Juninho Mempertanyakan Keamanan Piala Dunia

Juninho Mempertanyakan Keamanan Piala Dunia

Juninho Mempertanyakan Keamanan Piala Dunia

Gelandang Vasco da Gama Juninho Pernambucano mulai sanksi terhadap keamanan di negaranya. Menjadi pihak penyelenggara pada Piala Dunia 2014 mendatang, mantan pemain Olympique Lyon itu mempertanyakan faktor keamanan di dalam stadion saat ajang musim panas nanti berlangsung. Pernambucano mengaku sangat terkejut melihat kekerasan yang terjadi di dalam stadion, sehingga sempat mengganggu perhelatan akhir musim kompetisi Liga Brasil pada Minggu kemarin, dan ia memperingkatkan kepada pemerintah daerah untuk memperhatikan hal-hal seperti ini. Salah seorang penonton terpaksa dievakuasi dari dalam stadion dengan menggunakan helikopter, yang sengaja mendarat di atas lapangan, dan dua pendukung lainnya juga dilarikan ke rumah sakit, setelah pendukung Atletico Paranaense dan Vasco da Gama bentrok di tribun penonton di Stadion Joinville, di mana lokasi pertandingan dipindahkan setelah Atletico dilarang bertanding di kandang sendiri.

Pertandingan tersebut yang dimenangkan oleh Atletico dengan skor 5-1 untuk mengklaim satu tempat di ajang Copa Libertadores dan sekaligus menendang Vasco da Gama degradasi dari divisi utama, terpaksa dihentikan pada menit ke-15 dan ditunda lebih dari satu jam, sebelum akhirnya polisi anti huru hara melempar gas air mata dan peluru karet untuk membubarkan masing-masing pendukung. Juninho, yang merupakan mantan pahlawan Olympique Lyon dan saat ini terikat kontrak untuk klub lokal Vasco da Gama, setelah hengkang dari New York Red Bulls namun absen sejak November lalu karena cedera dan kemungkinan membuatnya bakal mengambil keputusan untuk pensiun di usia 38 tahun, mengatakan ia sangat takut melihat kejadian tersebut. “Saya benar-benar habis kata dan tidak percaya akan apa yang saya lihat dari televisi,” kecam Juninho. “Bahkan saya meminta anak perempuan saya untuk pergi dari ruangan agar tidak melihat kejadian buruk seperti itu.
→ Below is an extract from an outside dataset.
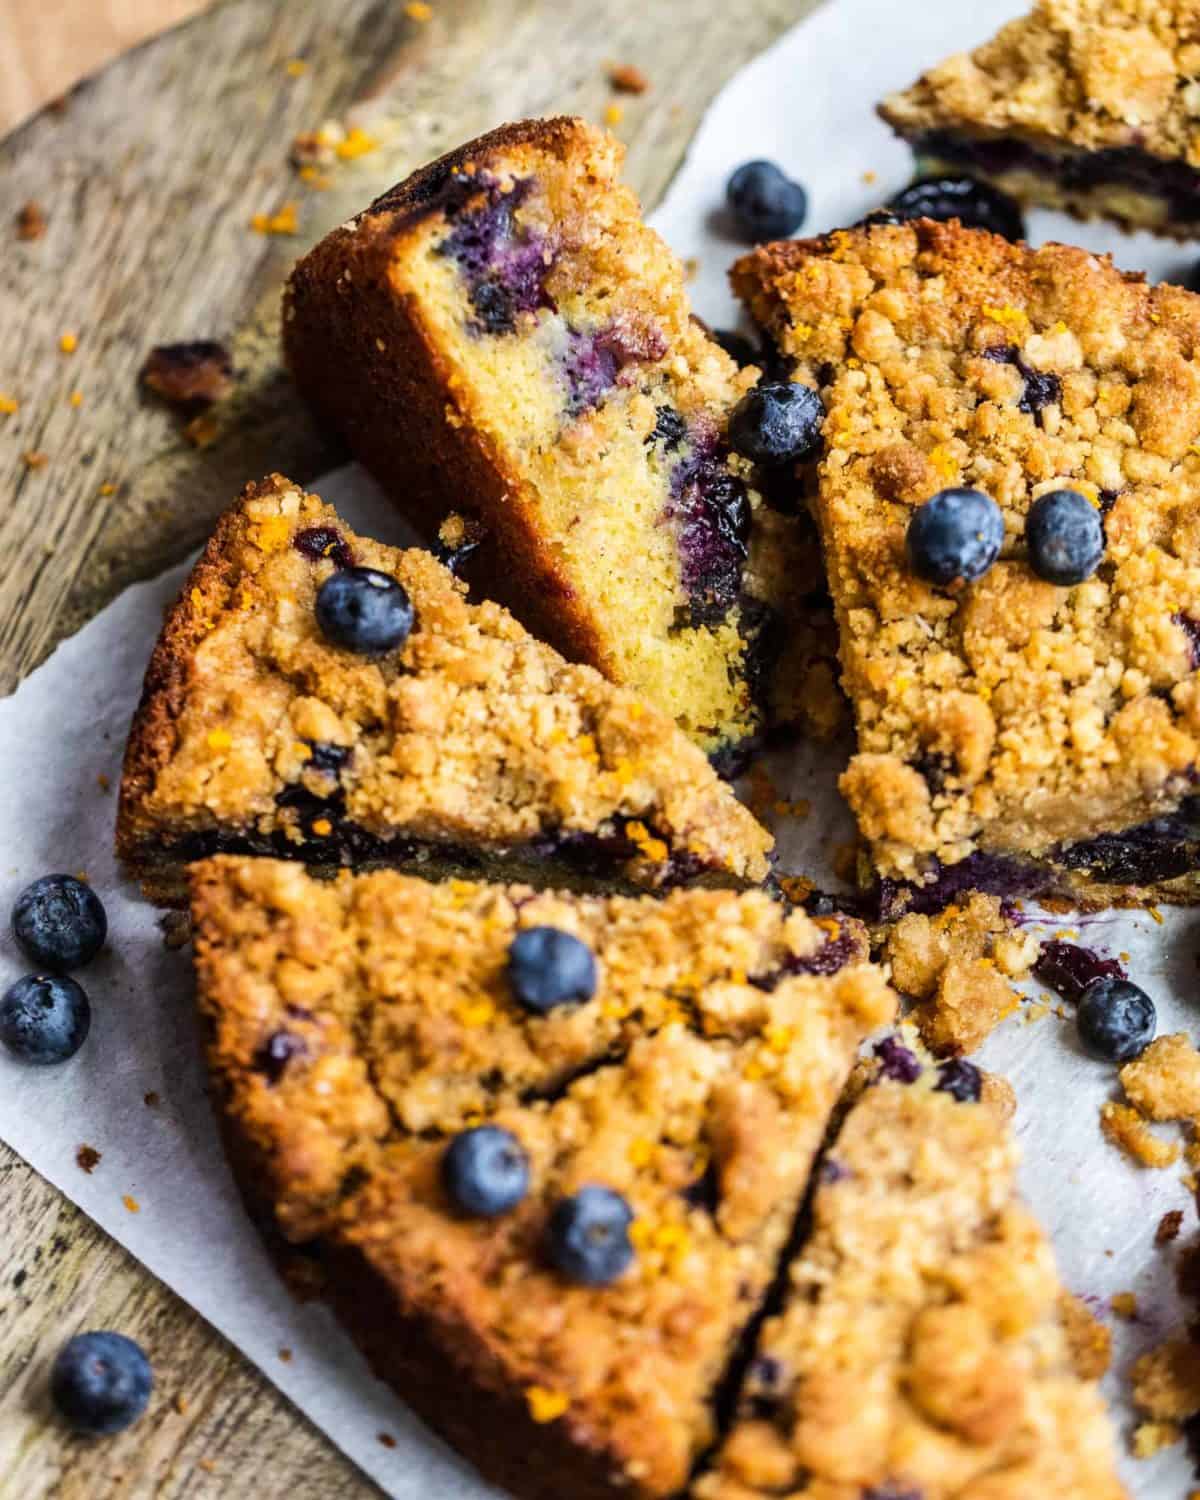 Blueberry Prune Buckle with Ginger Streusel

Saya melihat sejumlah pemain mulai berlari di dalam lapangan dan kemudian menangis dan tidak ingin melanjutkan pertandingan ini.
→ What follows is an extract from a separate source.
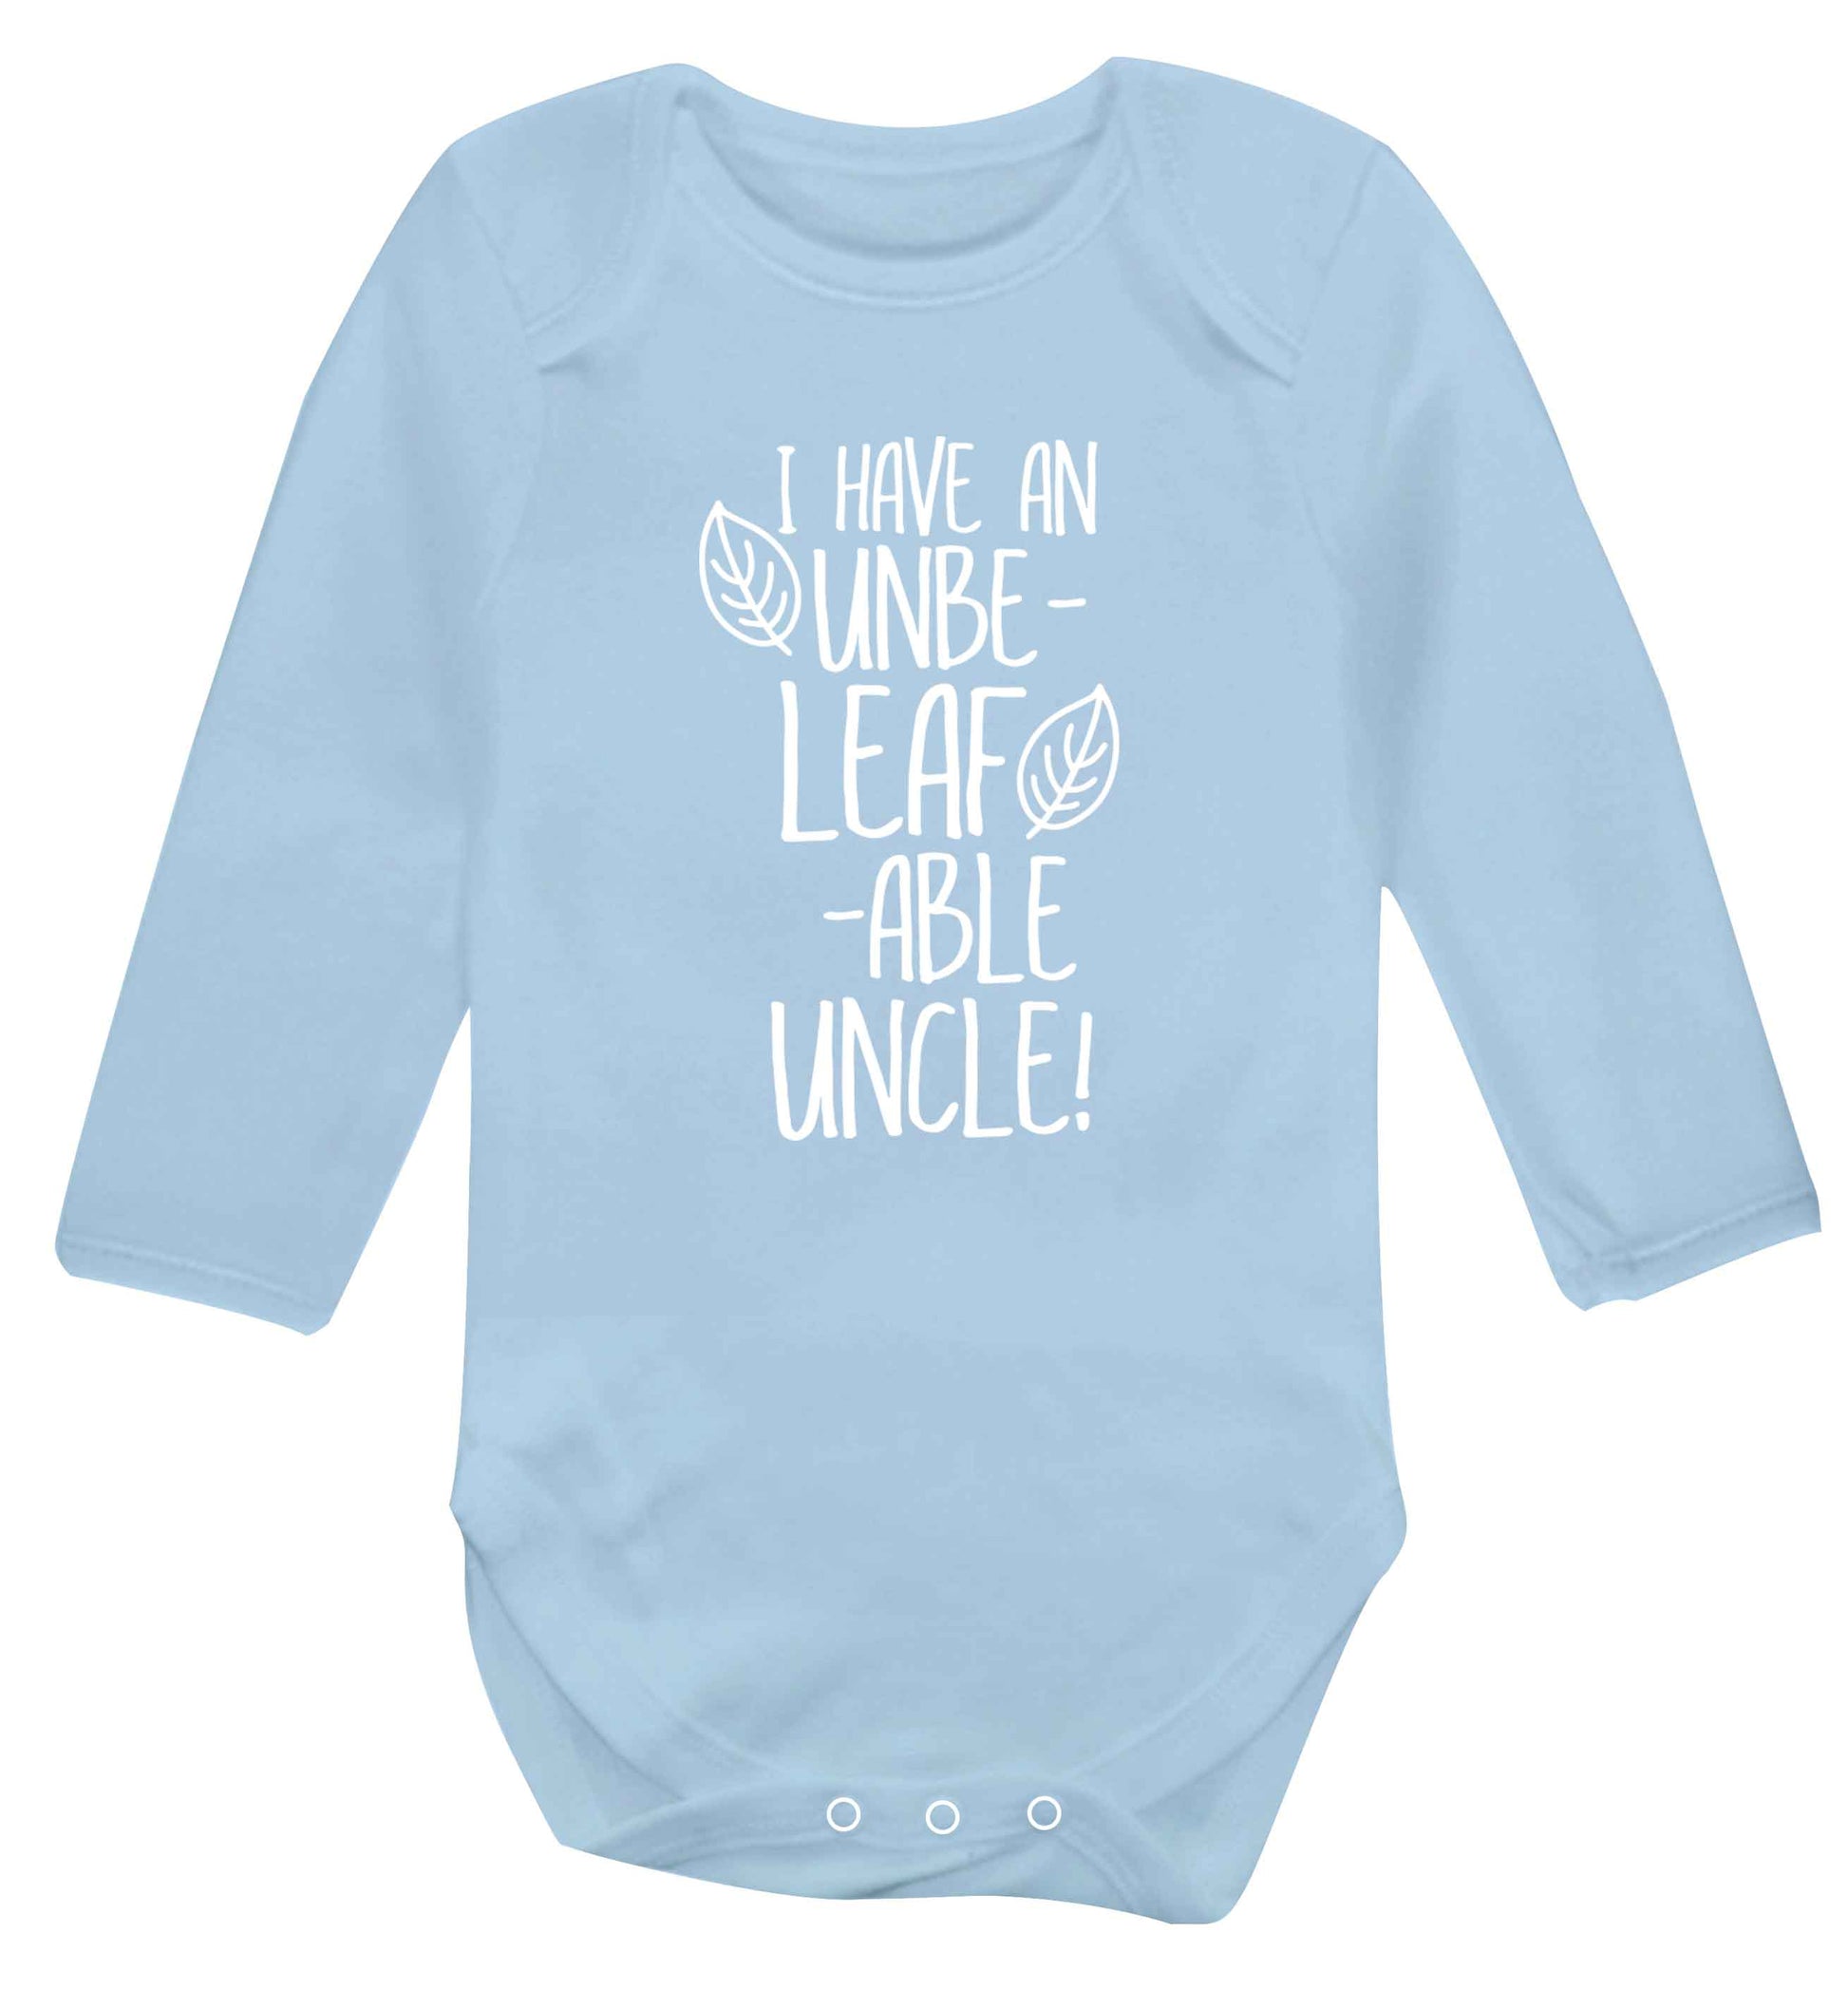 I have an unbe-leaf-able uncle Baby Vest long sleeved pale blue 6-12 months

“Tentu saja kejadian dan peristiwa itu akan selalu terkenang dalam lubuk pencinta sepakbola. Ini tentu saja sangat memalukan dan mengecewakan, dan saya berharap pihak pemerintahan setempat harus menanggapi hal ini dengan serius, karena bila tidak seluruh dunia saat ini sedang menunggu langkah-langkah yang tepat. Brasil akan menjadi pihak tuan rumah Piala Dunia dan keamanan wajib diperoleh semua pihak.” Perseteruan yang terjadi di Joinville merupakan insiden terbaru dari serangkaian yang mewarnai perhelatan sepakbola Brasil, yang hanya kurang dari satu tahun akan menjadi pihak penyelenggara Piala Dunia mendatang.

Bahkan salah satu babak kualifikasi Copa Libertadores lalu antara Gremio dan LDU pada Januari, hampr berakhir dengan sebuah tragedi berdarah, ketika penghalang keamanan di dalam stadion Arena do Gremio yang baru diresmikan rubuh, sementara hanya berselang satu bulan saja, anak berusia 14 tahun dari pendukung klub Bolivia, San Jose, dibunuh dengan menggunakan suar ketika terjadi bentrokan yang mewarnai Copa Libertadores melawan Corinthians. Bahkan di awal bulan ini, beberapa bagian di stadion Sao Paulo, yang akan menjadi salah satu laga pembukaan pada Piala Dunia 2014 ambruk, dan setidaknya menewaskan dua orang dan menyebabkan kerusakan yang cukup parah.